Fundamental Identity for an Economy
Value of total final domestic production ≡ Total expenditures on final domestic goods ≡ Total income paid to factors used in domestic production
Three obvious ways of measuring GDP:
- Value Added Approach: Add up value of final outputs from domestic rms and the government.
- Expenditure Approach: Add up final-use expenditures by domestic households (consumption - C), domestic firms (investment - I), the government (G) and foreigners (EX) and subtract off the expenditures by domestic agents on foreign goods (IM).
- Income Approach: Add up incomes from factors used in domestic production: wages/salaries/benefits, interest income, rental income, corporate profits and proprietary income, indirect business taxes.
Why three approaches?
- They lead to the same result after all (come from identities).
- Value added approach: in which industries was the pie produced?
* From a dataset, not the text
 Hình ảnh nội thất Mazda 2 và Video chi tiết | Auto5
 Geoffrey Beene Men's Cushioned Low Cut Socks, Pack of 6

- Expenditure approach: who ate the pie?
- Income approach: What kind of production factors were rewarded while producing the pie?
Value Added Approach
- Intermediate goods are goods that are used up in production, not just used!
- By contrast, investment goods are final-use goods that are used in production.
- Value-added approach avoids double counting in that it isolates the economic contribution of each production step towards the final good.
- Special convention for government revenue: it is assumed to be equal to the government’s total costs, i.e., the government is assumed to have zero profits (not to be confused with tax revenue).
- Sectors
- Private sector: primary, secondary, and tertiary
- Public sector
Expenditure Approach
- Look at unites that absorb or use the produced final good pie.
- Private Households: Consumption: durables, nondurables, services
- Firms: Investment
- Foreigners: (Net) Exports
- Government: government expenditures on final-use goods and services plus salaries for gov employees.
Income Approach
- Compensation for employees: wages, salaries, benefits.
- Proprietors’ income
- Rental income
- Corporate profits/Dividends (investment expenditures is not subtracted from revenue, since it’s moving one asset of the firm into another)
- Net interest
- Indirect business taxes (sales and excise taxes paid by business) - more a convention
Treatment
- Separating the trend: HP Filter.
Chinese Variations
- Three categories in expenditure approach: consumption, gross capital formation, net exportation.
- Residential consumption contributes only roughly 40% of GDP (70% in the US)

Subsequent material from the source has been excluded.